-- Ну, не знаю, -- сказал Вайнтрауб, -- а по-моему, не так страшно: все ж таки люди интеллигентных профессий, вы сами понимаете, на улице не валяются.
-- Наивный вы молодой человек, -- сказал Борис Исаакович.
-- Не знаю, не знаю, - сказал доктор. -- Я все время колеблюсь, многие мои пациенты меня уговаривают остаться... Но есть и такие, которые безоговорочно советуют уехать. -- Он вдруг вскочил и громко закричал:
-- Что это? Объясните мне! Я пришел к вам, чтобы вы мне объяснили, Борис Исаакович! Вы -- философ, математик, объясните мне, врачу, что это? Бред? Как культурный европейский народ, создавший такие клиники, выдвинувший такие светила научной медицины, стал проводником черносотенного средневекового мрака? Откуда эта духовная инфекция? Что это? Массовый психоз? Массовое бешенство? Порча? Или все ж таки немного не так, а? Сгустили красочки?
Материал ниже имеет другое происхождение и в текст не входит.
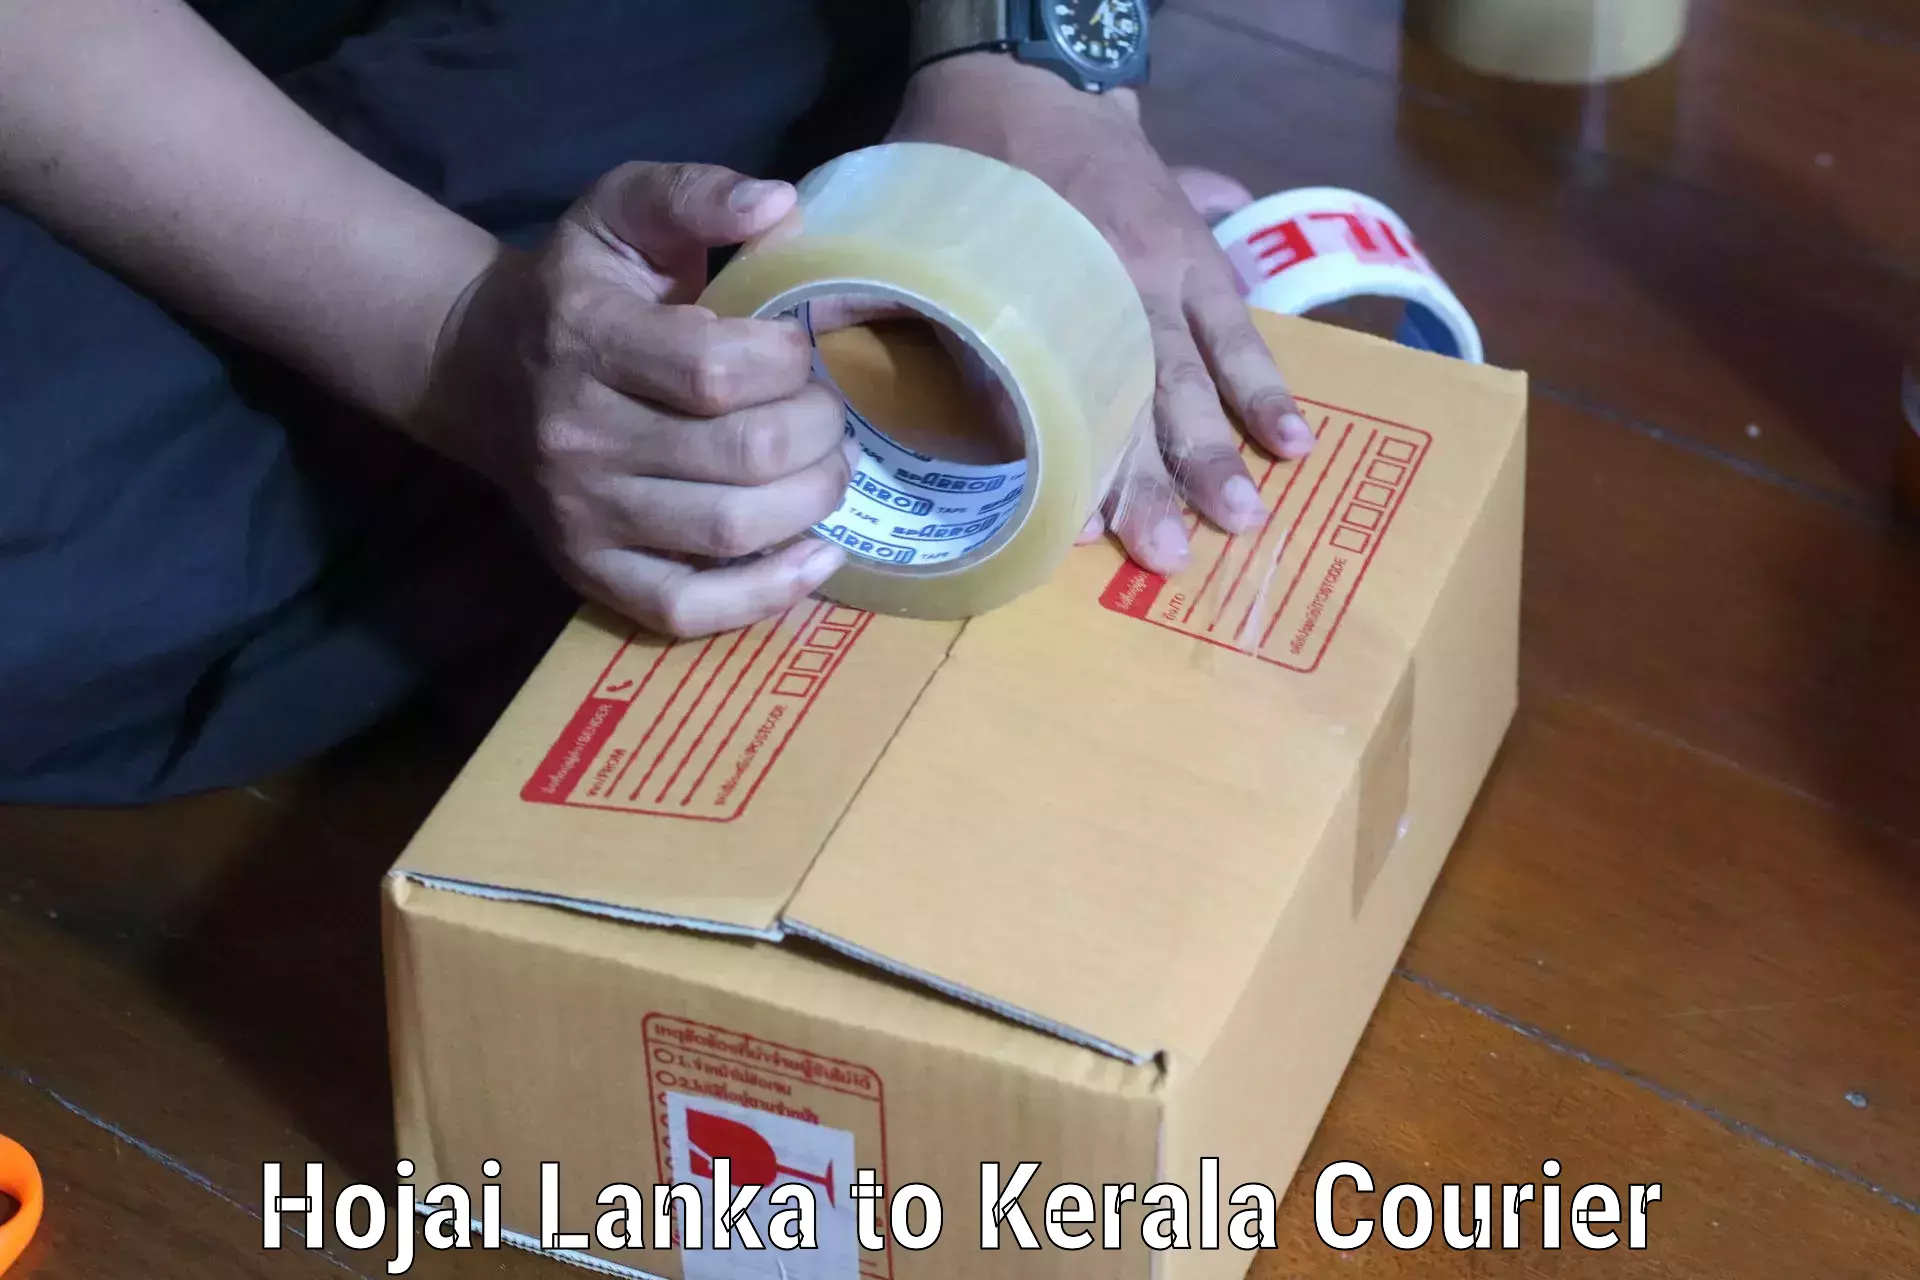 Next day courier Hojai Lanka to Kerala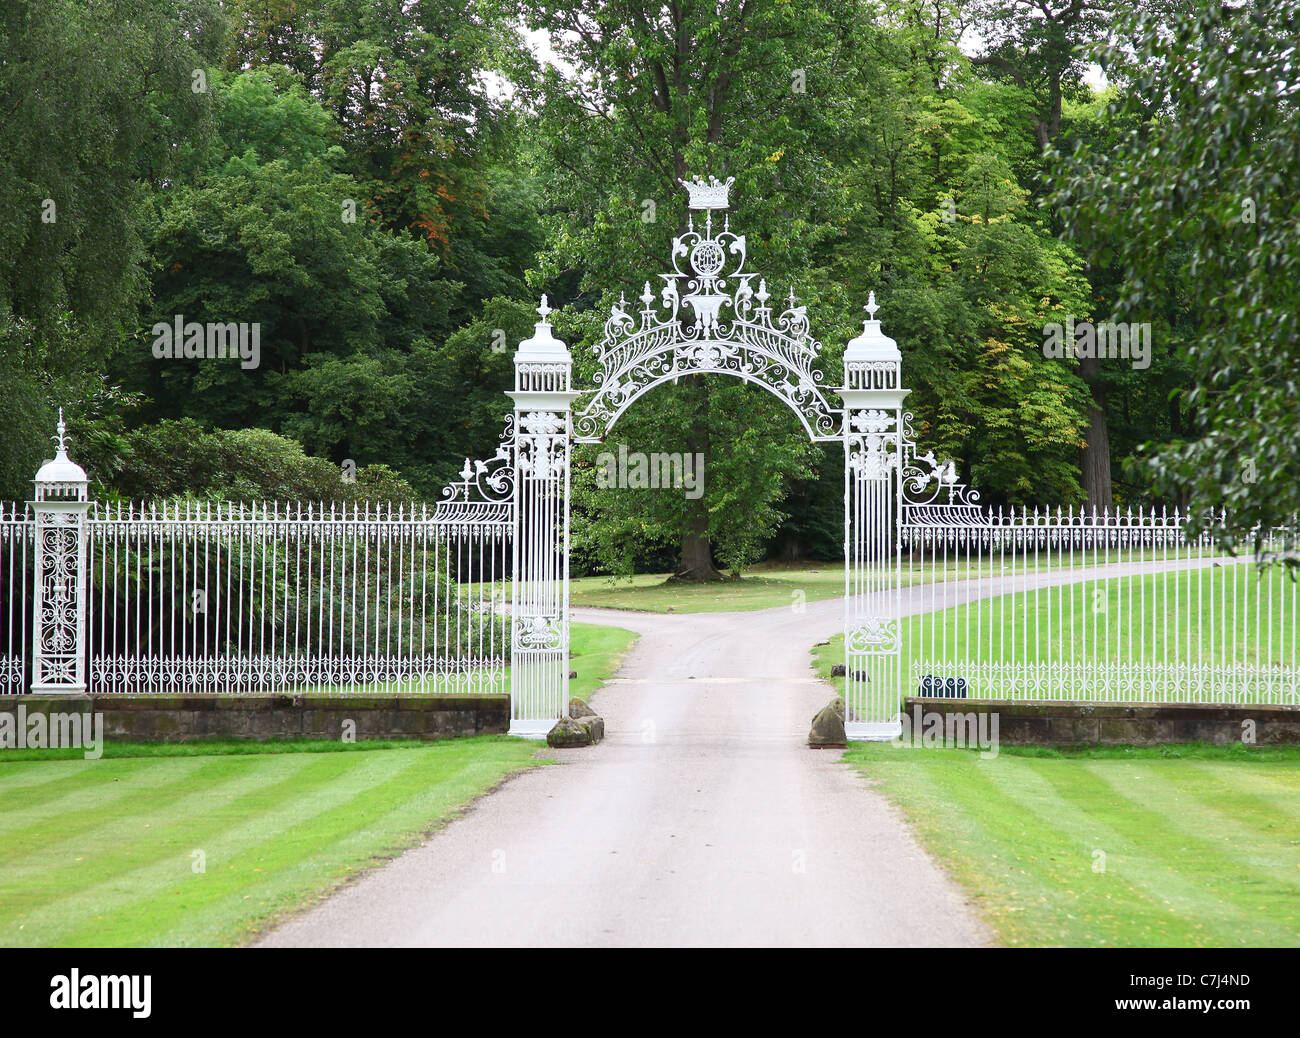 Porte ornate a Cholmondeley Castle Cheshire, Inghilterra, Regno Unito Foto Stock

На лестнице послышался стук костылей, это поднимался Вороненко.
-- Разрешите, товарищ начальник, обратиться? -- насмешливо спросил он.
Вайнтрауб сразу успокоился и спросил:
-- А, Витя, ну как дела? -- Он почти всему населению города говорил "ты", потому что все сорокалетние и тридцатилетние когда-то мальчишками лечились у него.
-- Вот ножку оторвало, -- сказал, усмехаясь, Вороненко. Он о своей беде всегда говорил усмехаясь, стыдясь ее.
-- Ну как, книжку прочли? -- спросил Борис Исаакович.
-- Книжку? -- переспросил Вороненко; он все время усмехался, морщился. -- Какого хрена книжку, вот будет нам знаменитая книжка.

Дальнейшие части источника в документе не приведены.